Notes On A Scandal by Zoe Heller — I watched this movie years and years ago and remember being completely overwhelmed by the concept (probably not a good one to watch when you’re 16 or so), and the book didn’t let me down either.
Angels by Marian Keyes — an Irish woman leaves her marriage to head to Los Angeles to hang out with her best friend who works in Hollywood. Easy reading with lots of great themes.
My Darling Daughter by JP Delaney — a psychological thrilled by the same author of The Girl Before. A good beach read if you’re looking for something to churn through in a quick couple of days.
PS — if you’re a big reader, follow me on Goodreads here! I log every single book I read (as well as audiobooks I listen to… don’t @ me). I love seeing what other people read too so please add me so I can get even more inspo!
A final remark…
A TikTok of mine went viral about a month ago, amassing tens of millions of views across several platforms.
I felt a lot of guilt for accidentally commodifying my team members and using them for what can be seen as personal gain (particularly Lulu — soz about the angles doll)… and it’s definitely taught me a few lessons around content licensing and asking for consent before posting things on social media.
I think that if it’s taught me anything, I would be terrible at being famous.
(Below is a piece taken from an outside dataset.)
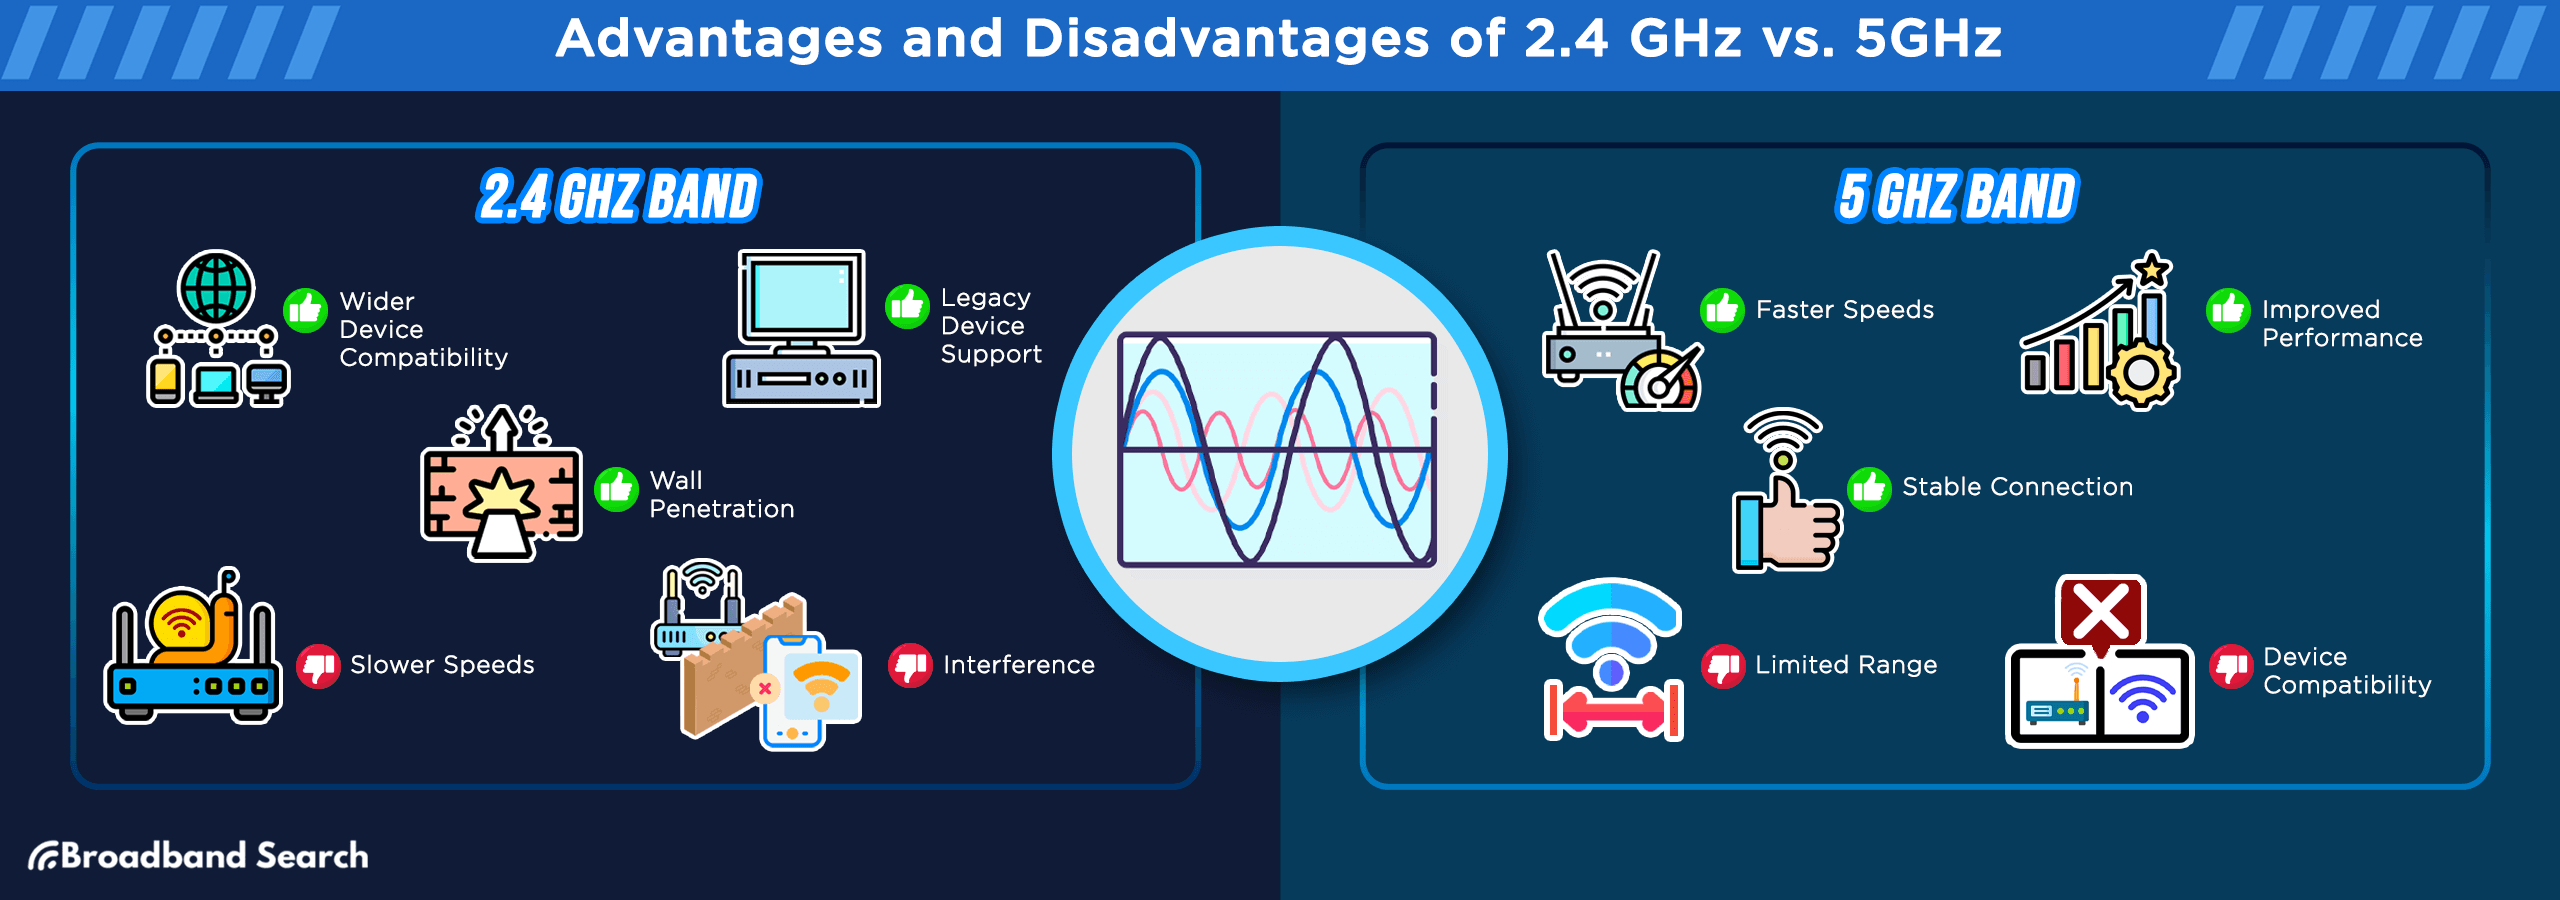 Advantages and disadvantages of 2.4 ghz vs 5ghz

I heard Megan Fox talking about the online lynch mobs being modern day versions of witch hunts, and burning people at the stake on a recent Call Her Daddy episode. I thought it was a really powerful metaphor, and not one that I had thought of so literally before.
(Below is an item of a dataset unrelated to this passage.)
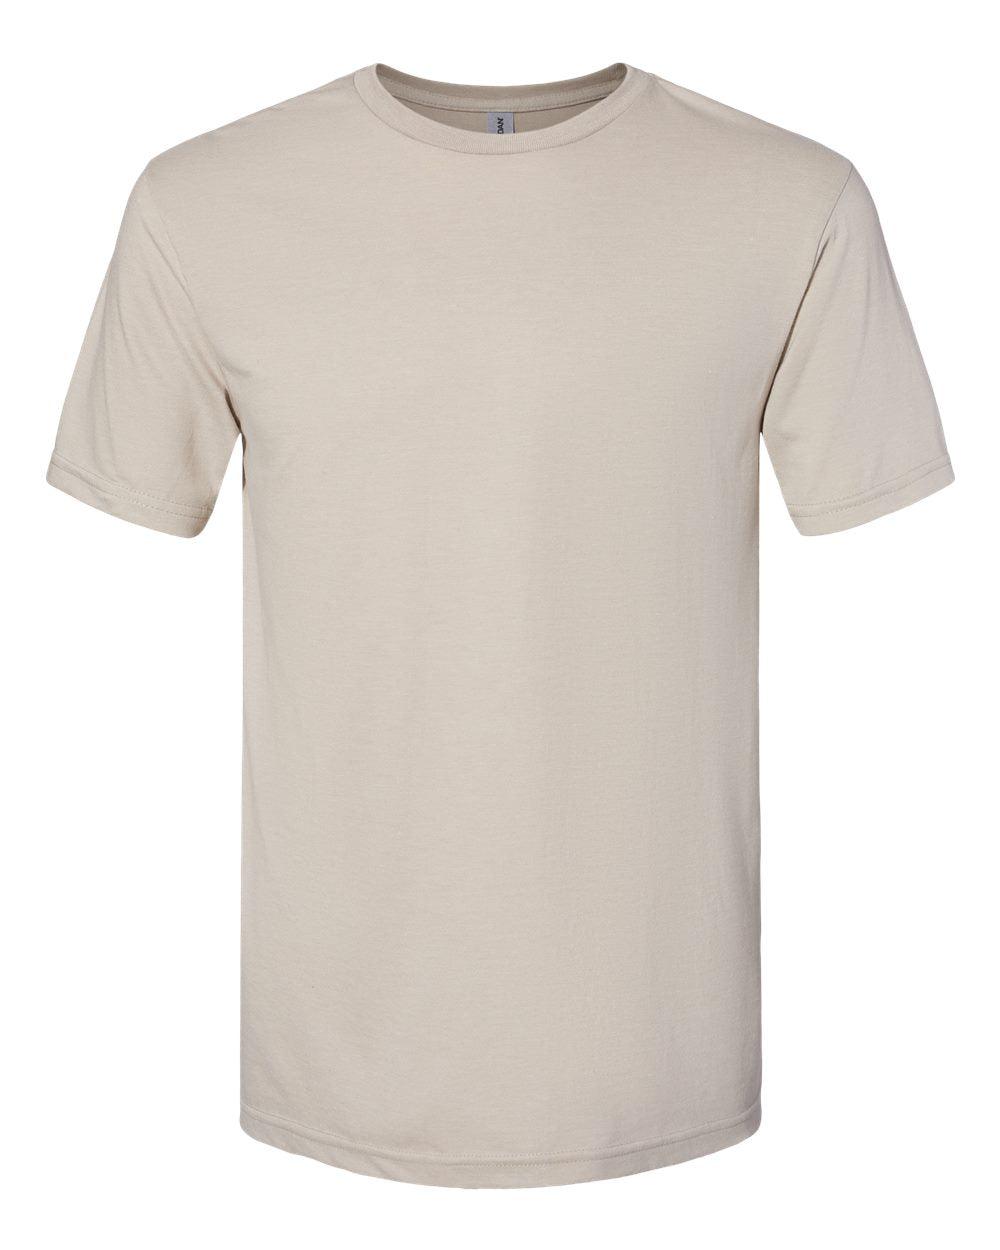 Softstyle® CVC T-Shirt - 67000 - Gildan - Leatherwood Trading Post

From my tiny, tiny taste of viral content, I actually can say I am so grateful to not be a person in the spotlight. People online are so mean, everyone seemingly has an opinion (and an uneducated one at that). People jump to conclusions and make out of context assumptions. So, this is just your message to always remember to be kind. And please, just stay out of comment sections — it makes you look like a fucking idiot and people are laughing at you. Keep your bitching to DMs.